> EXERCISE GOAL
Would you transcribe each entry precisely as it stands, setting aside any images?

[Collection entries]
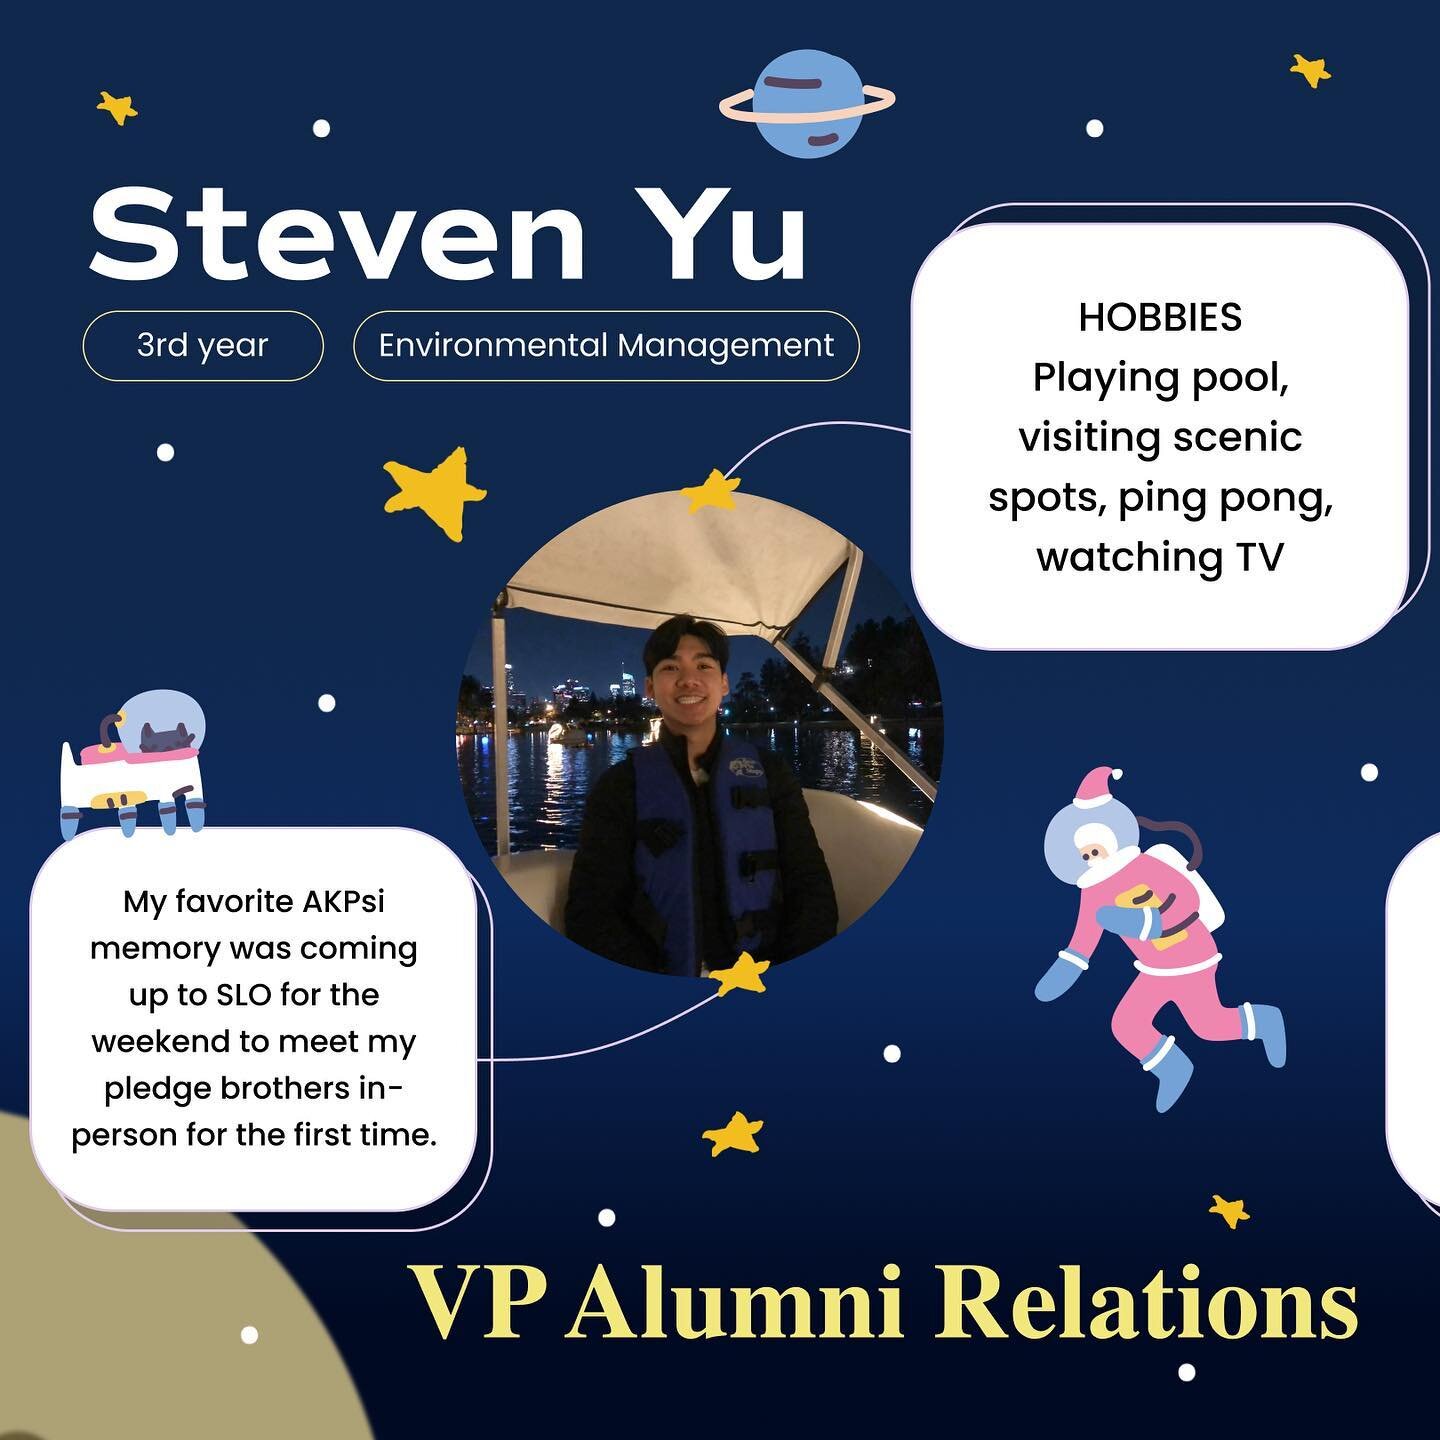 It&rsquo;s time to introduce our executive board for the upcoming year! Here are our Vice Presidents: 

Steven Yu, VP of Alumni Relations
Sarah Cao, VP of Communications
Cameron Chow, VP of Finance 
Brandon Brownell, VP of Technology 
Chloe Peng, Co-
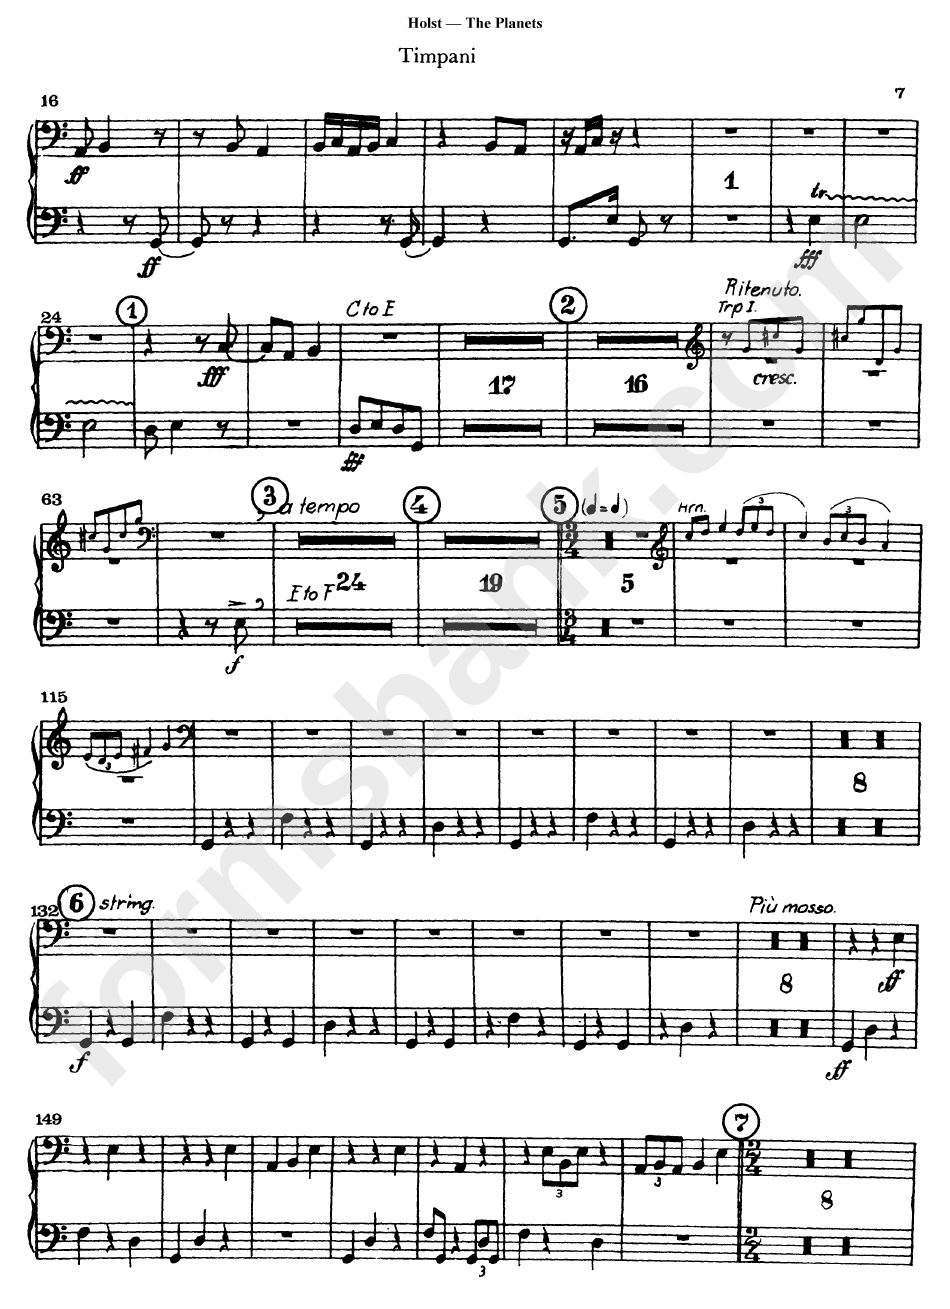 The Planets By Gustav Holst Piano Sheet Music
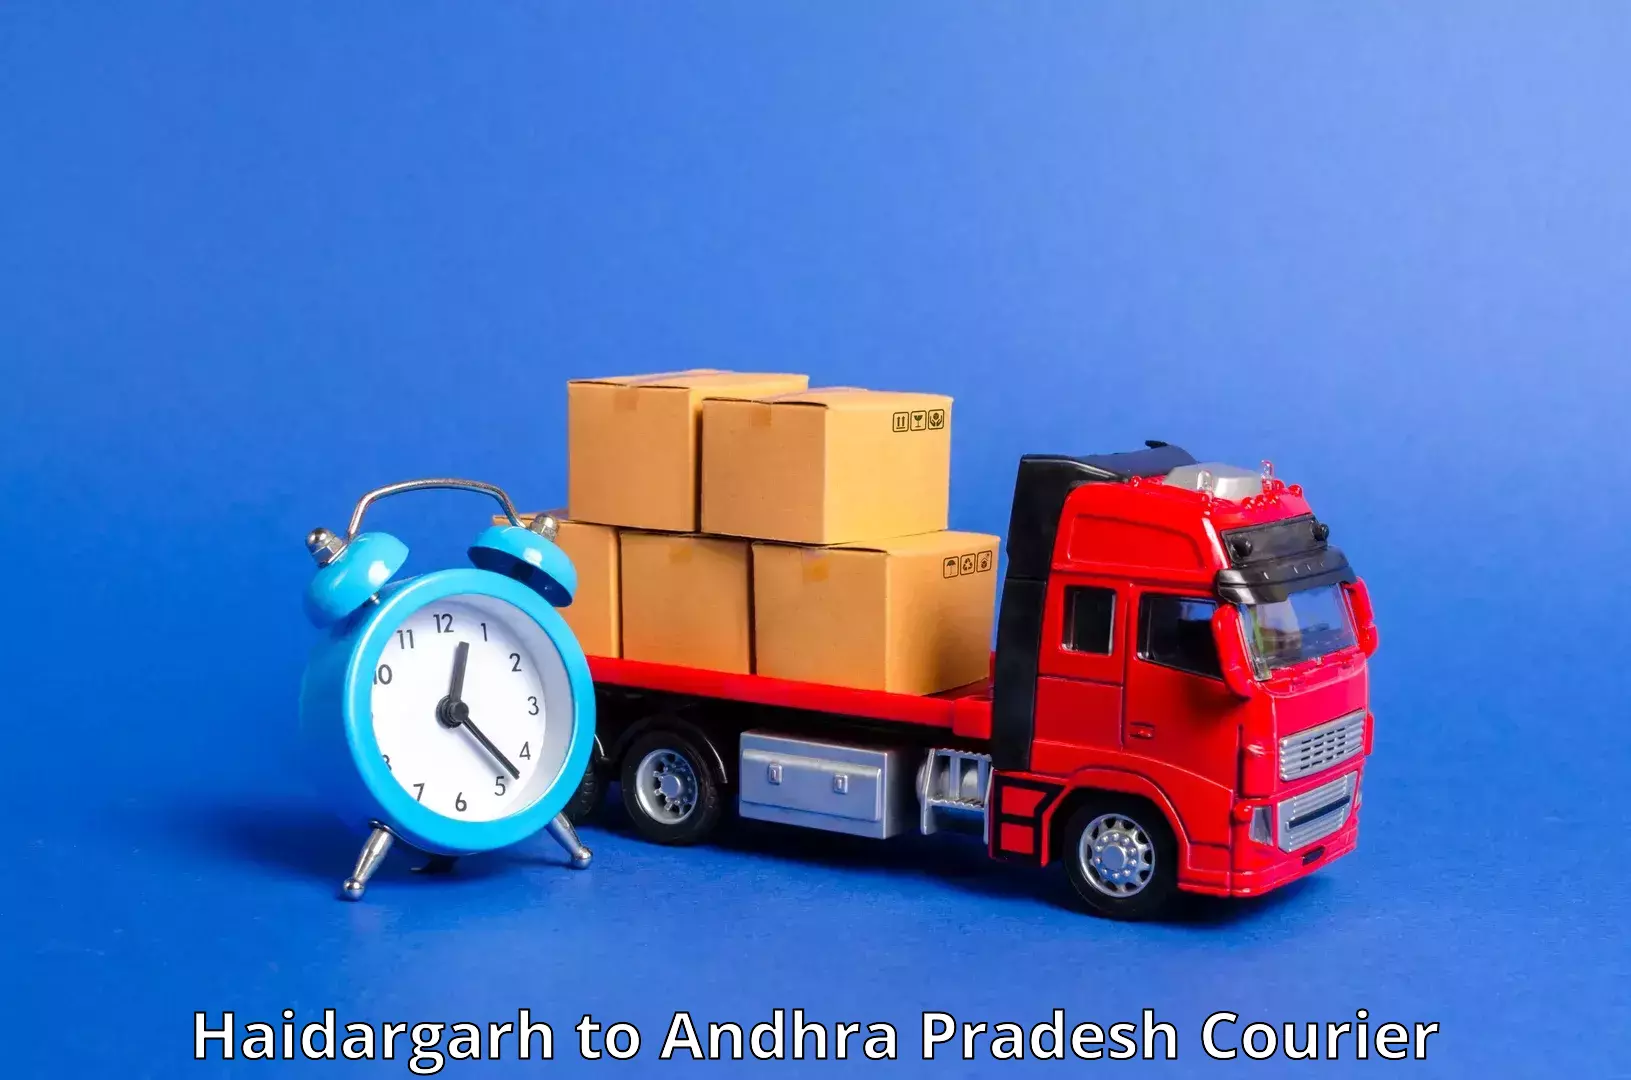 Residential courier service Haidargarh to Dhone
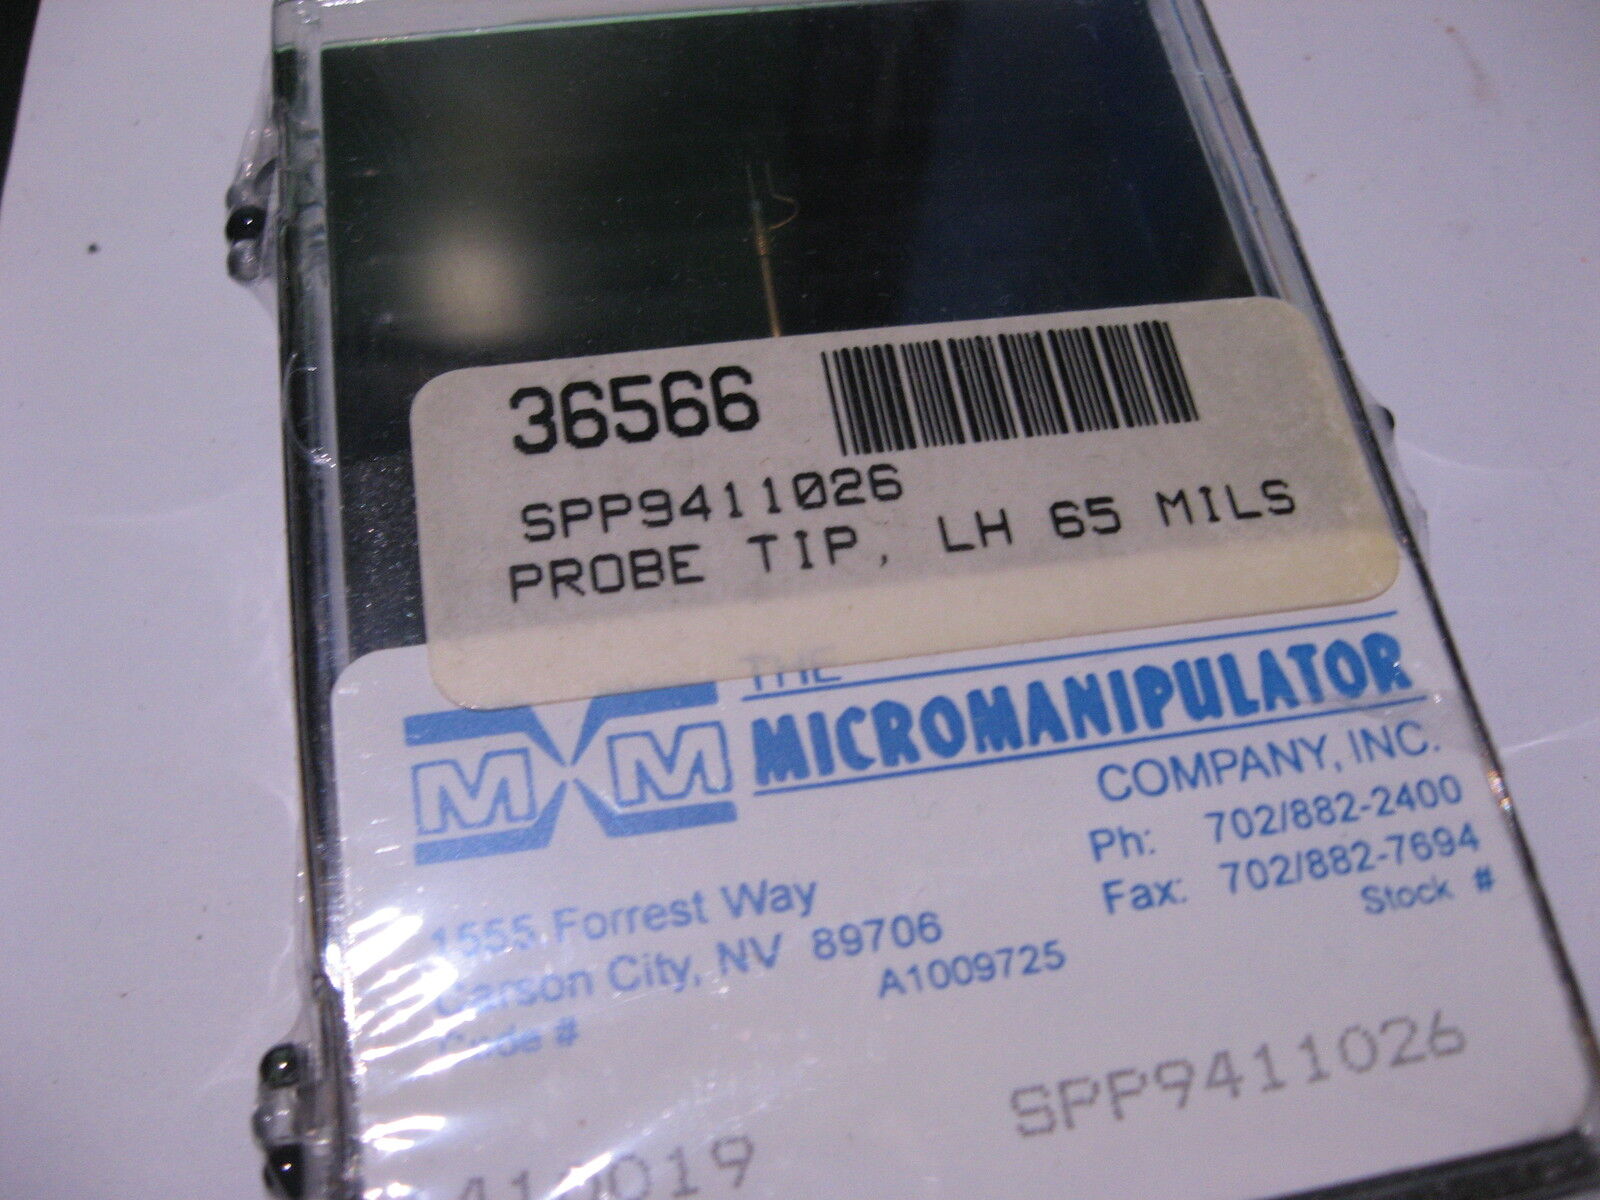 Qty Large special price !! 1 Micromanipulator Co. Probe Tip Mils SPP9411026 LH 65 NEW - List price

> FINAL ANSWER
 It&rsquo;s time to introduce our executive board for the upcoming year! Here are our Vice Presidents: 

Steven Yu, VP of Alumni Relations
Sarah Cao, VP of Communications
Cameron Chow, VP of Finance 
Brandon Brownell, VP of Technology 
Chloe Peng, Co-
 The Planets By Gustav Holst Piano Sheet Music
 Residential courier service Haidargarh to Dhone
 Qty Large special price !! 1 Micromanipulator Co. Probe Tip Mils SPP9411026 LH 65 NEW - List price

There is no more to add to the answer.